Task directions
Look below for the line with "Carte Météo-France des" and the line with "Un'immagine astratta di"; repeat exactly those two lines and all lines between them, but no pictures.

Given data
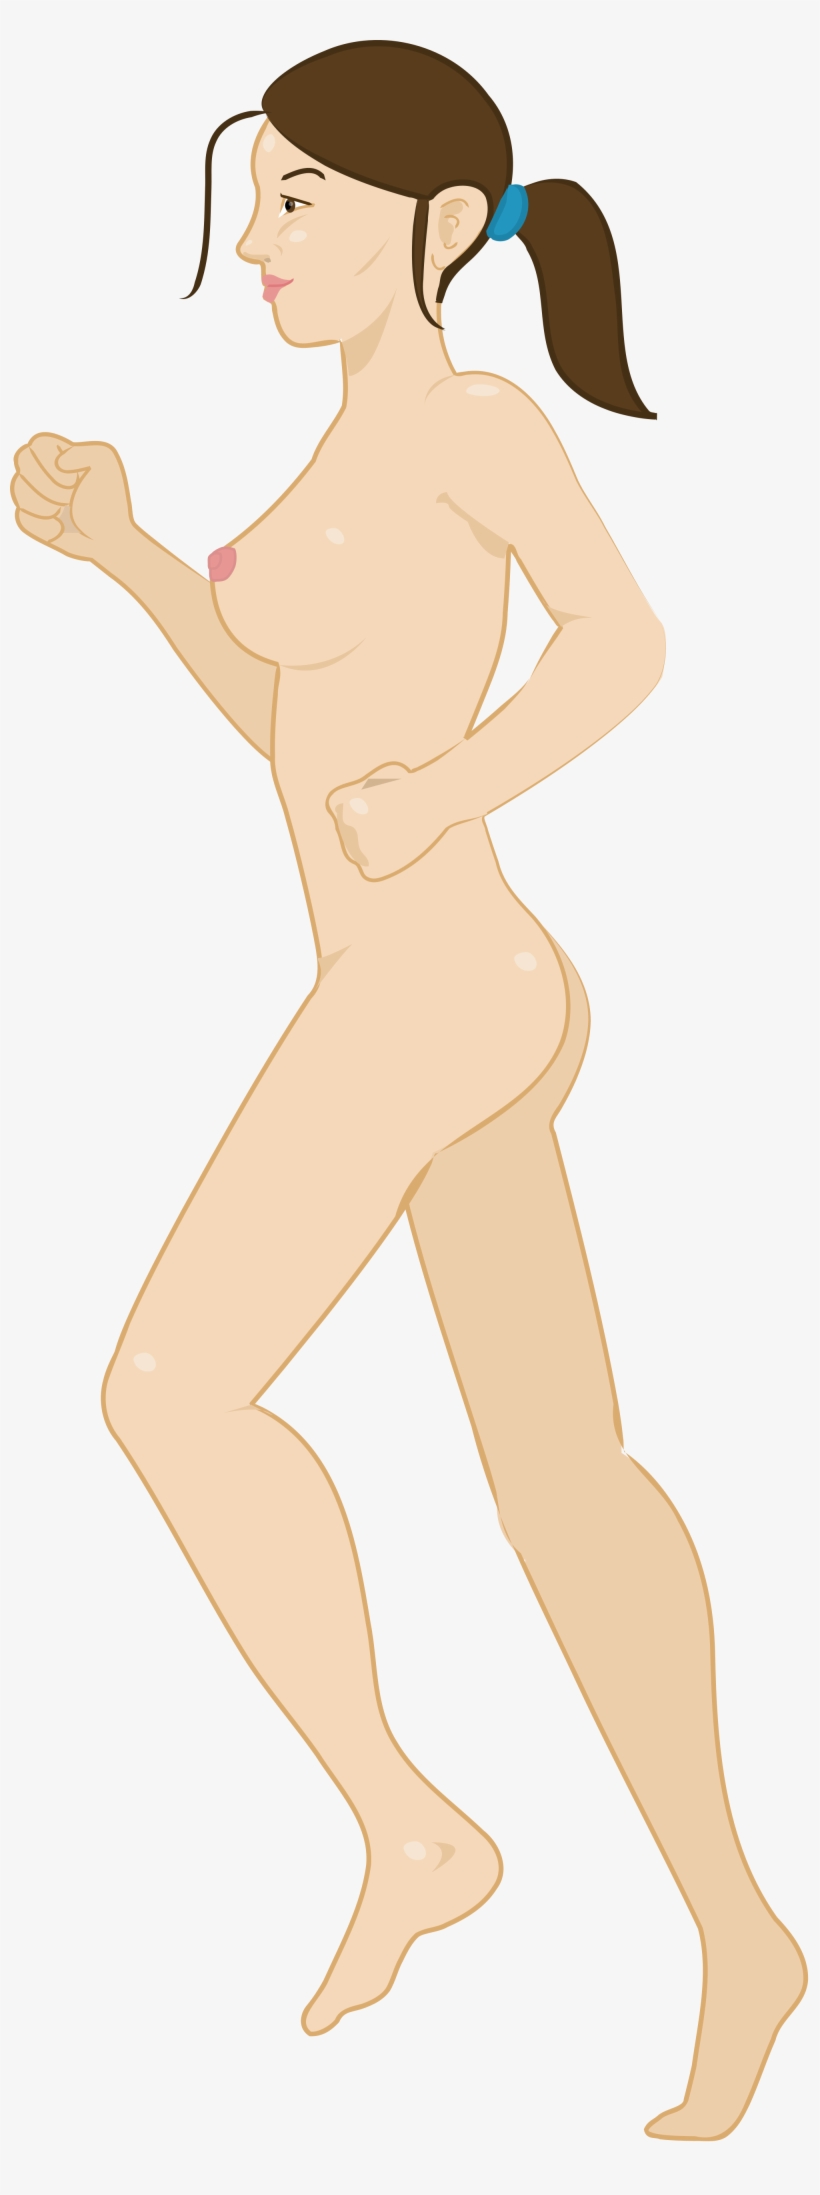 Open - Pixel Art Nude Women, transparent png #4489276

--

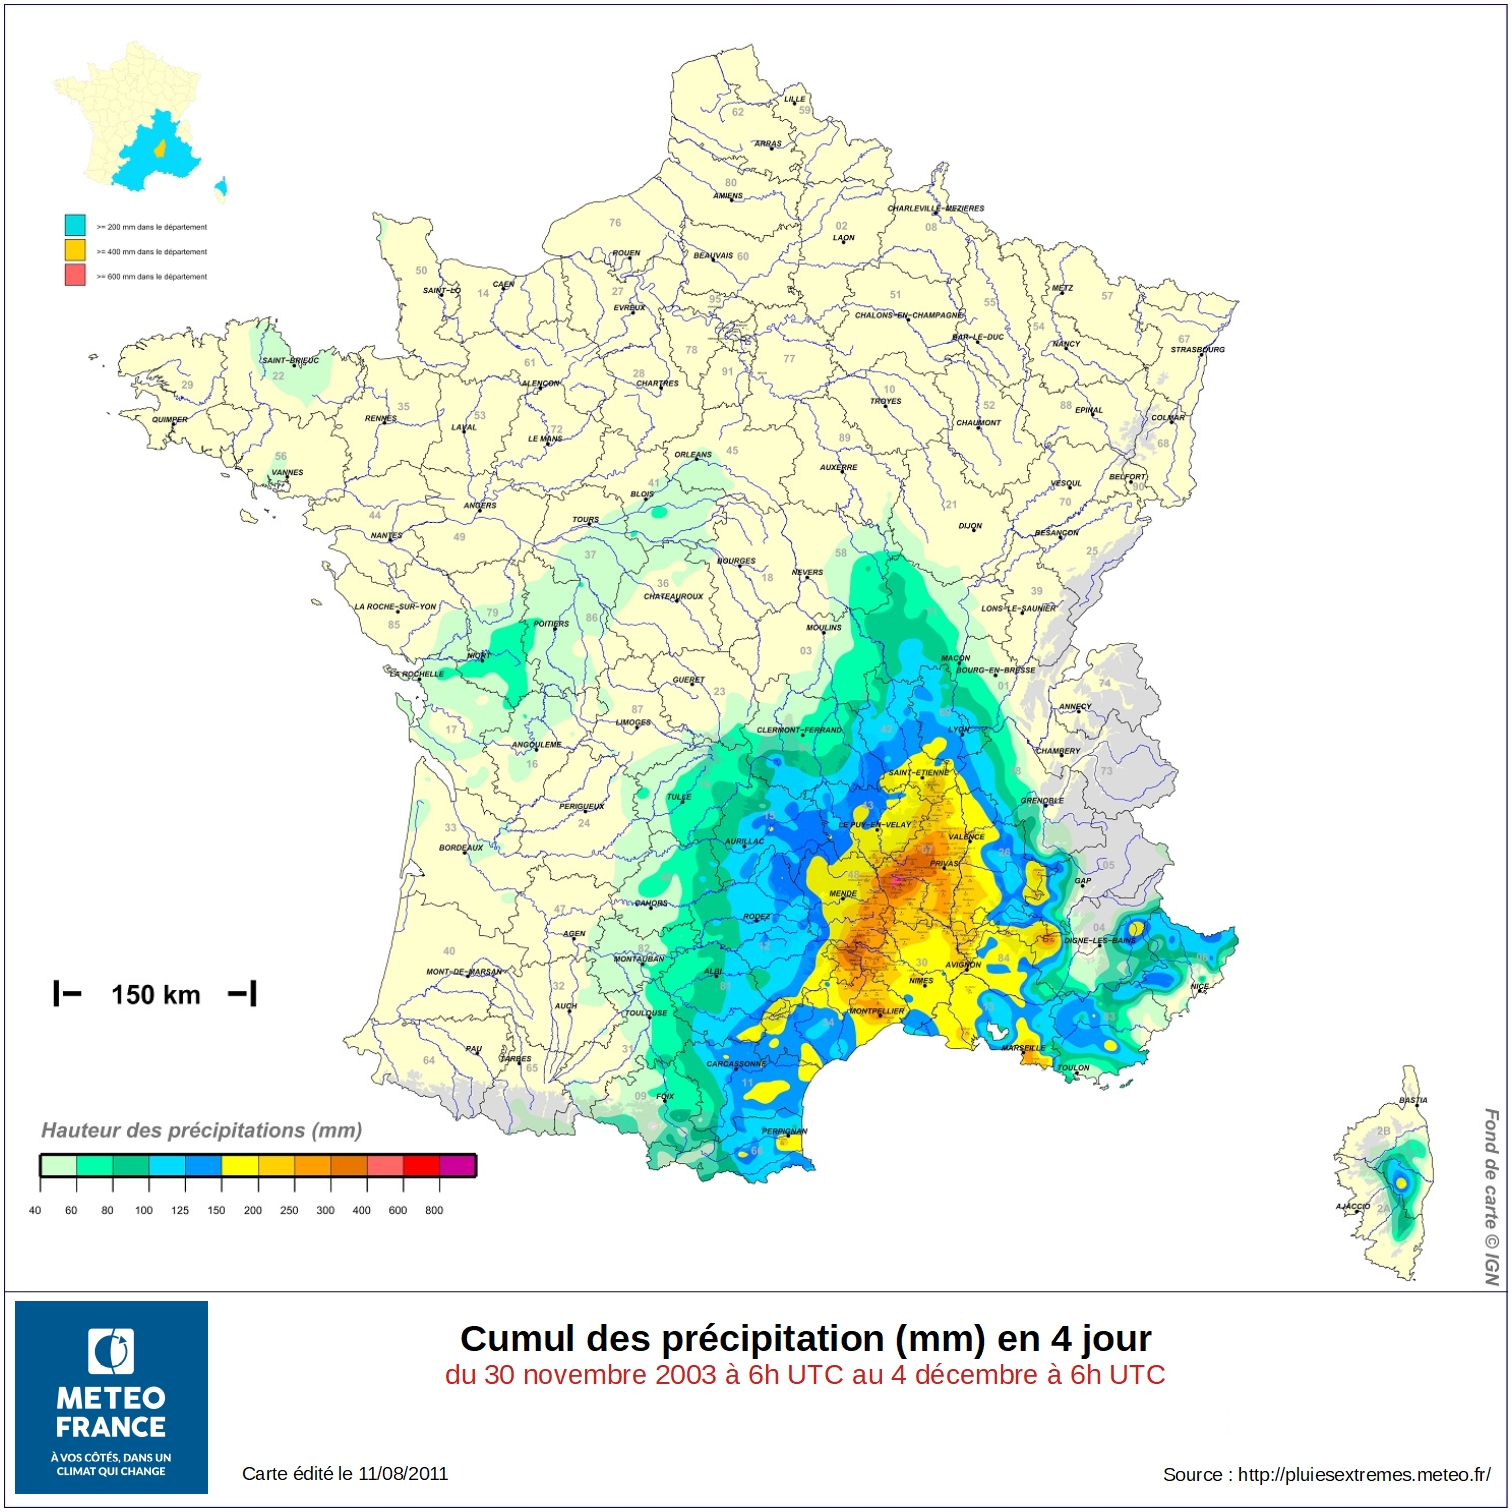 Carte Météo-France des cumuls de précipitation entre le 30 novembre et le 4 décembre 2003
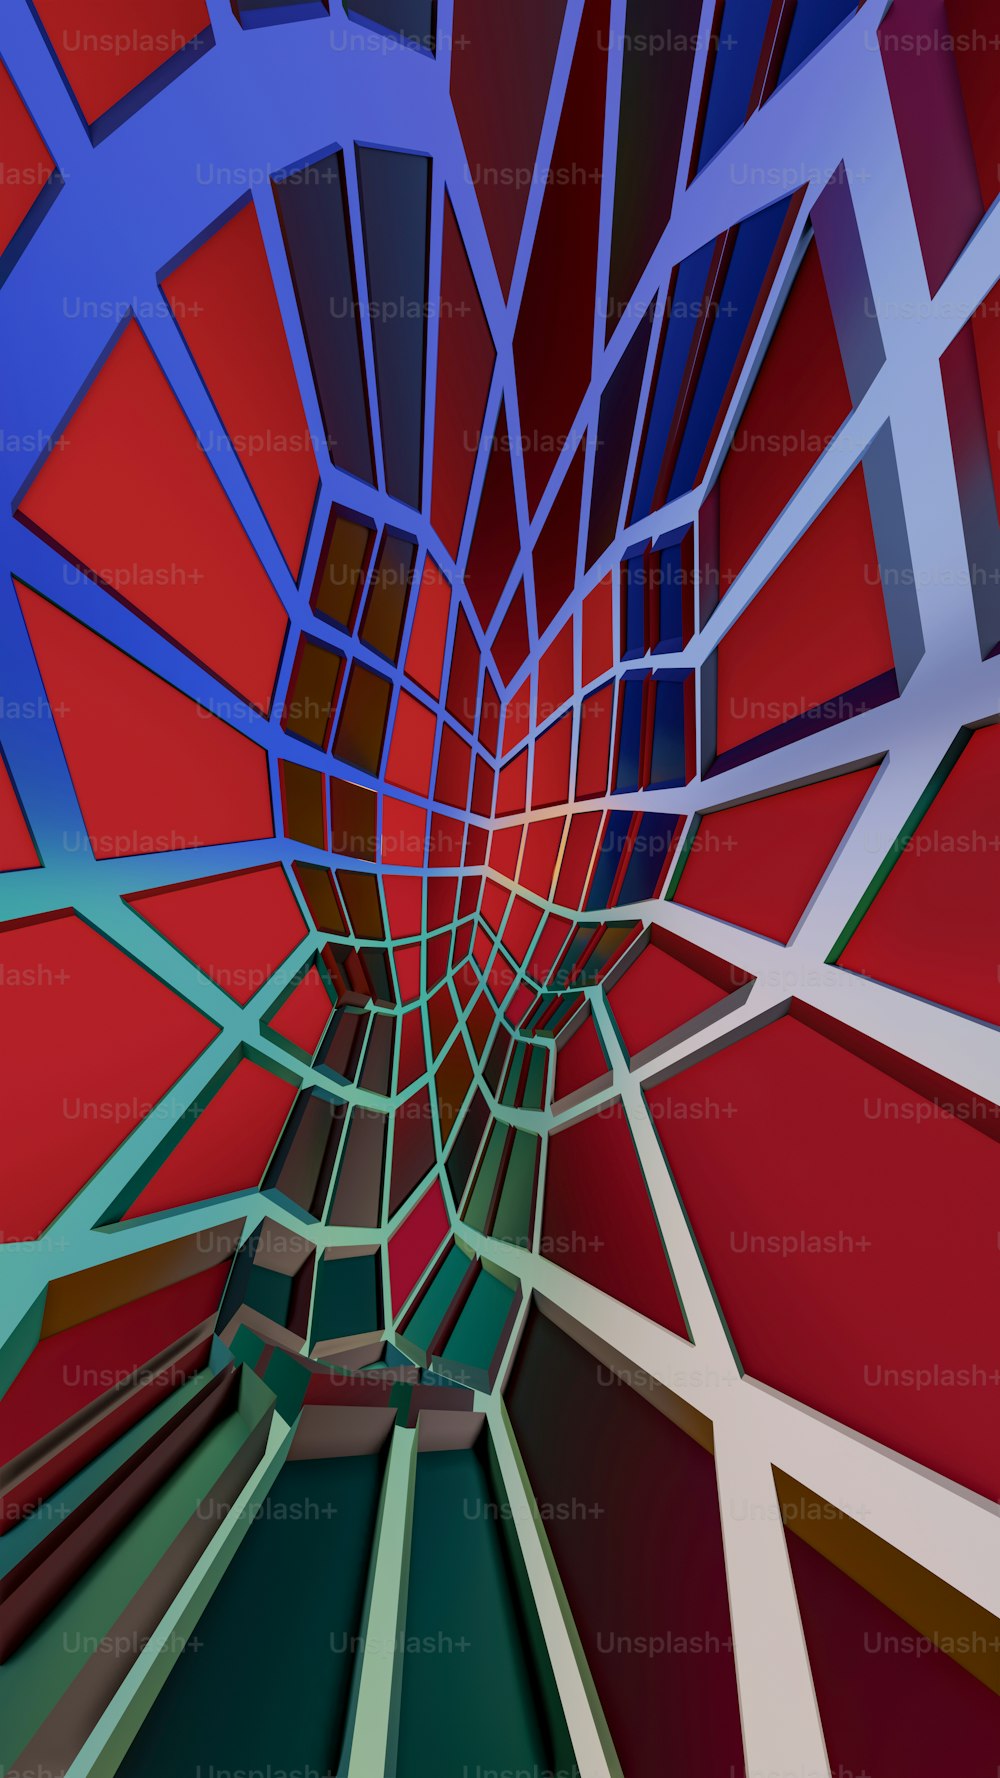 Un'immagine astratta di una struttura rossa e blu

Expected answer
 Carte Météo-France des cumuls de précipitation entre le 30 novembre et le 4 décembre 2003
 Un'immagine astratta di una struttura rossa e blu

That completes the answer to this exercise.